* REQUIRED ACTION *
Everything in the data gets repeated exactly, except for the pictures.

* DATA BELOW *
[Start of Attachment]

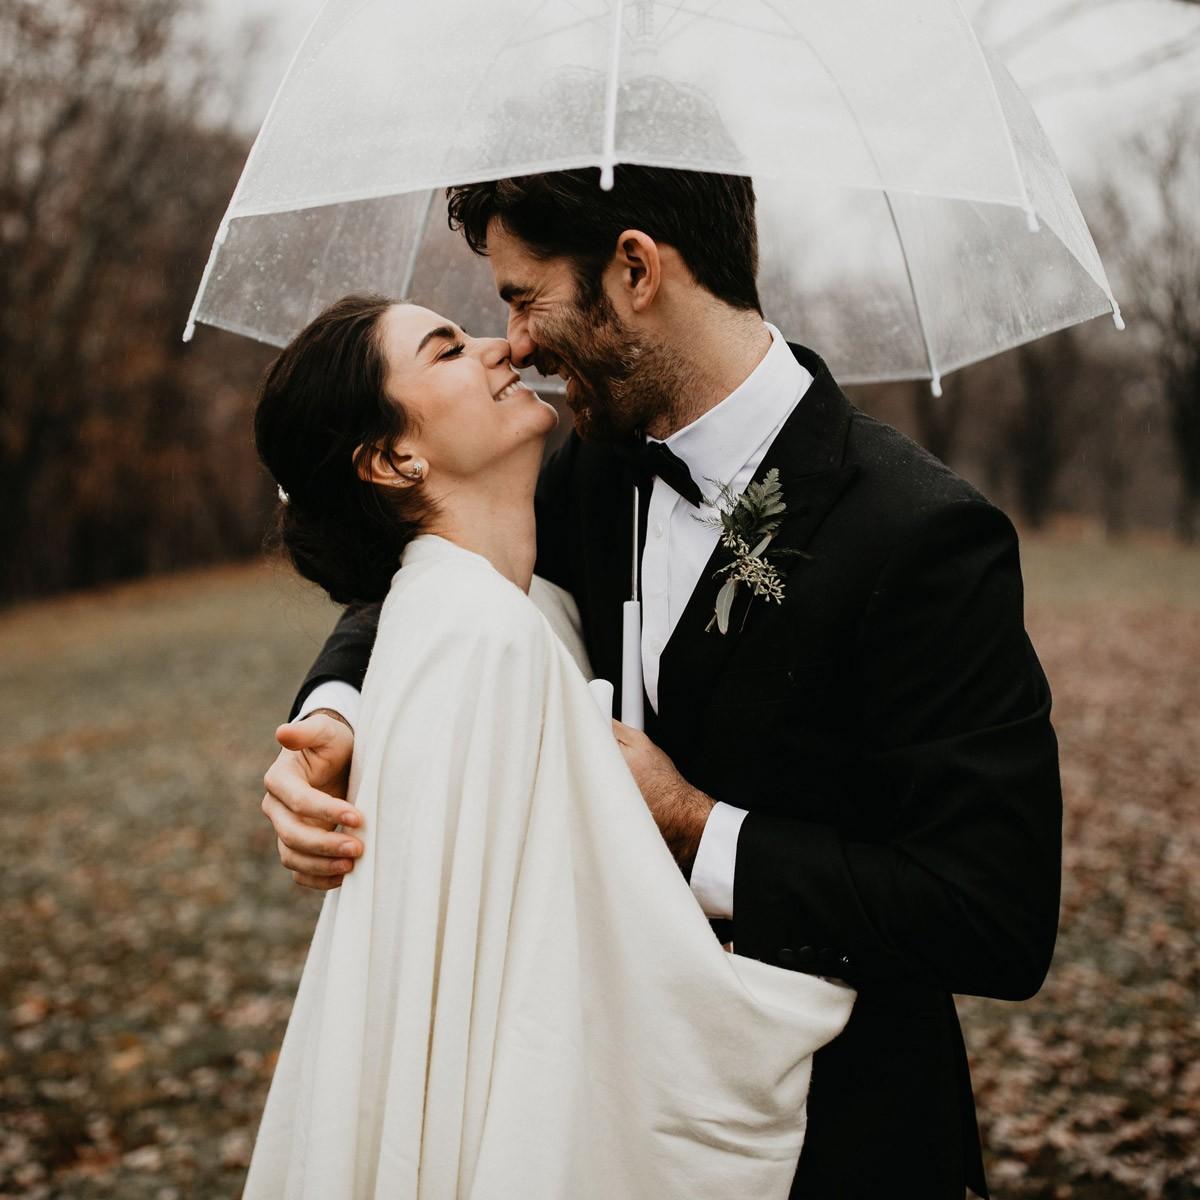 3a6ad04f496a3c Манікюр нюд для бездоганного образу нареченої - Hot Wedding
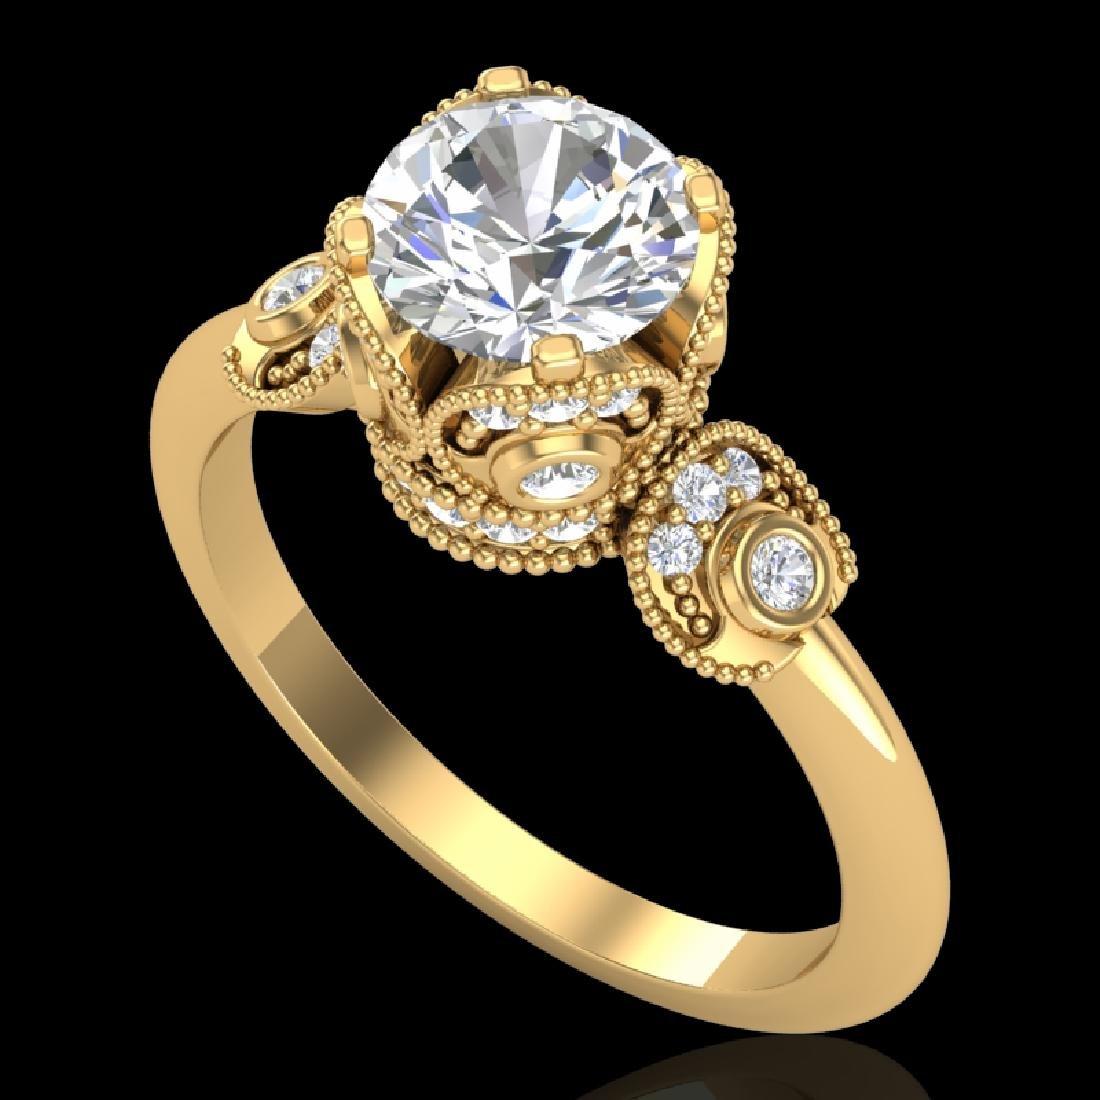 1.75 CTW VS/SI Diamond Art Deco Ring 18K Yellow Gold
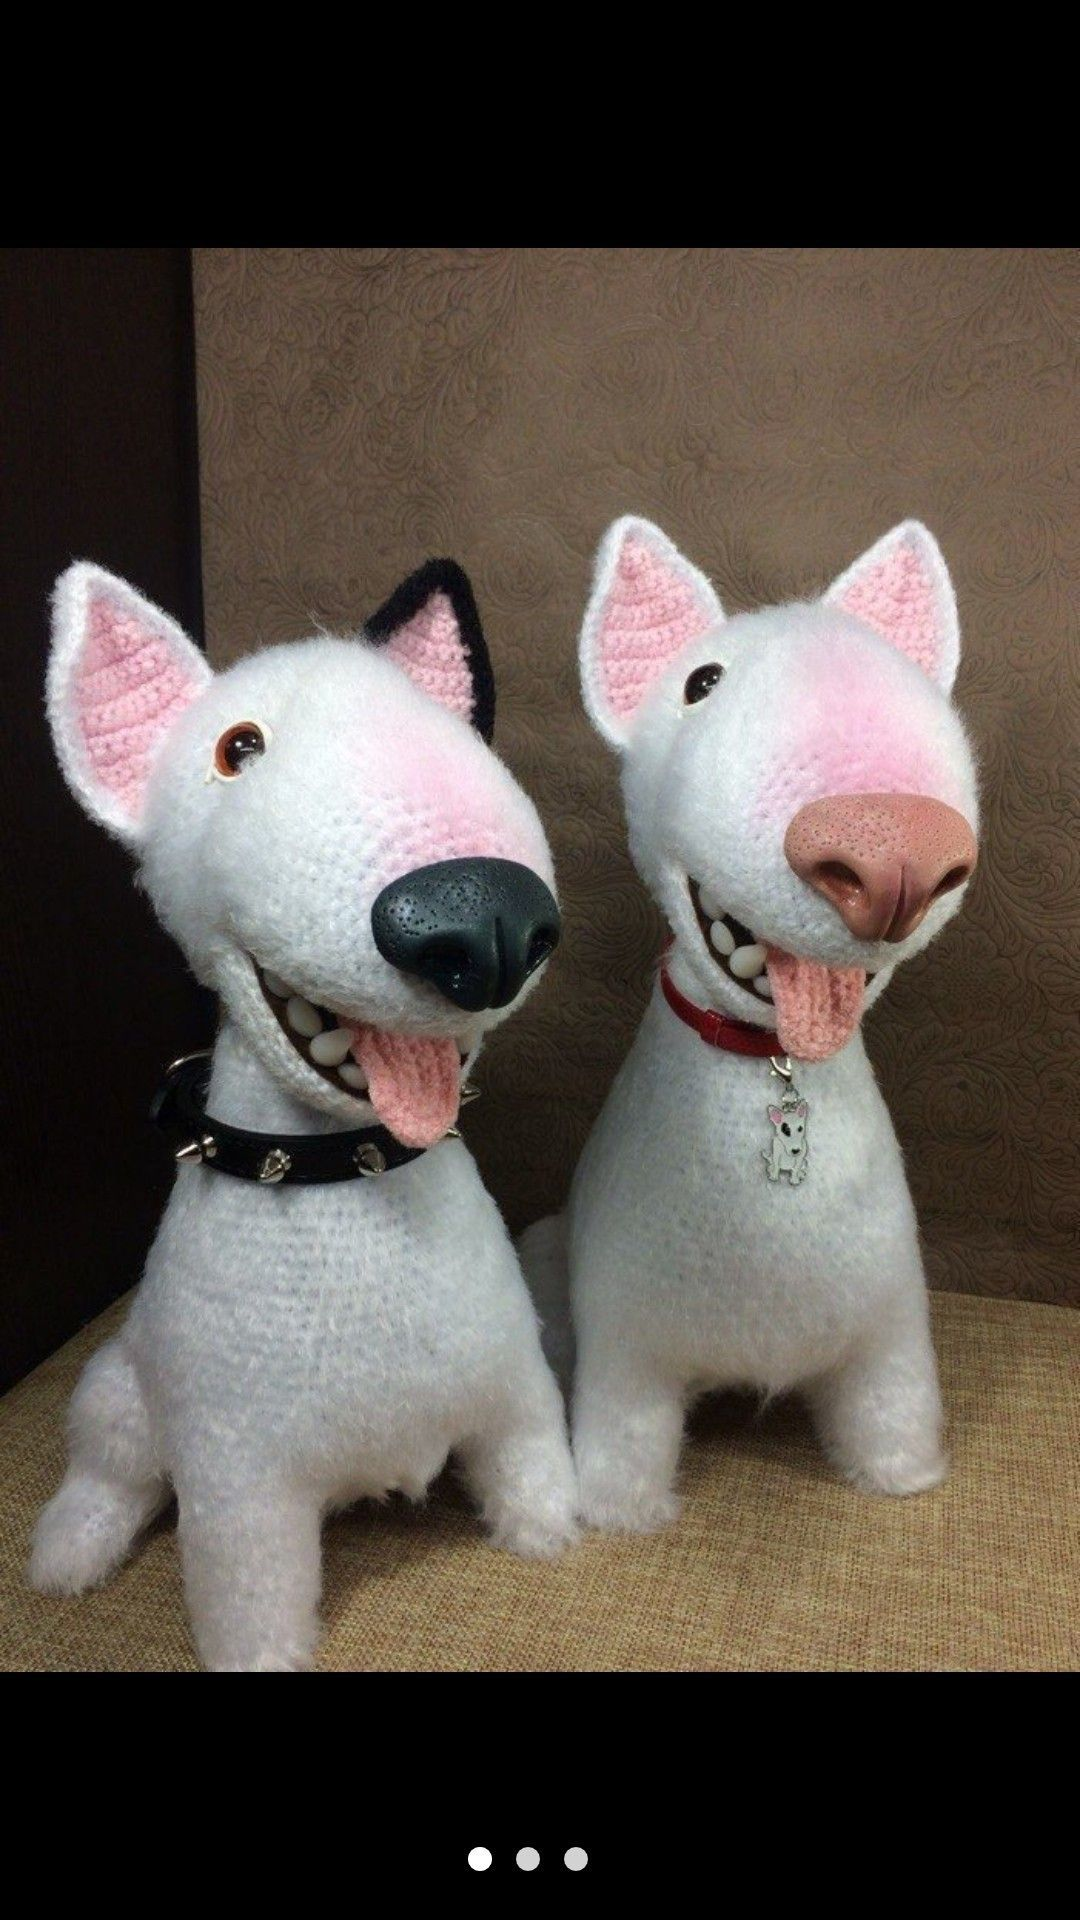 English Bull Terrier Amigurumi Crochet Pet Toy A Copy Of The Pet Dog Toypetdog Bull Terrier Crochet Dog Dog Toys

[End of Attachment]

* TASK RESPONSE *
 3a6ad04f496a3c Манікюр нюд для бездоганного образу нареченої - Hot Wedding
 1.75 CTW VS/SI Diamond Art Deco Ring 18K Yellow Gold
 English Bull Terrier Amigurumi Crochet Pet Toy A Copy Of The Pet Dog Toypetdog Bull Terrier Crochet Dog Dog Toys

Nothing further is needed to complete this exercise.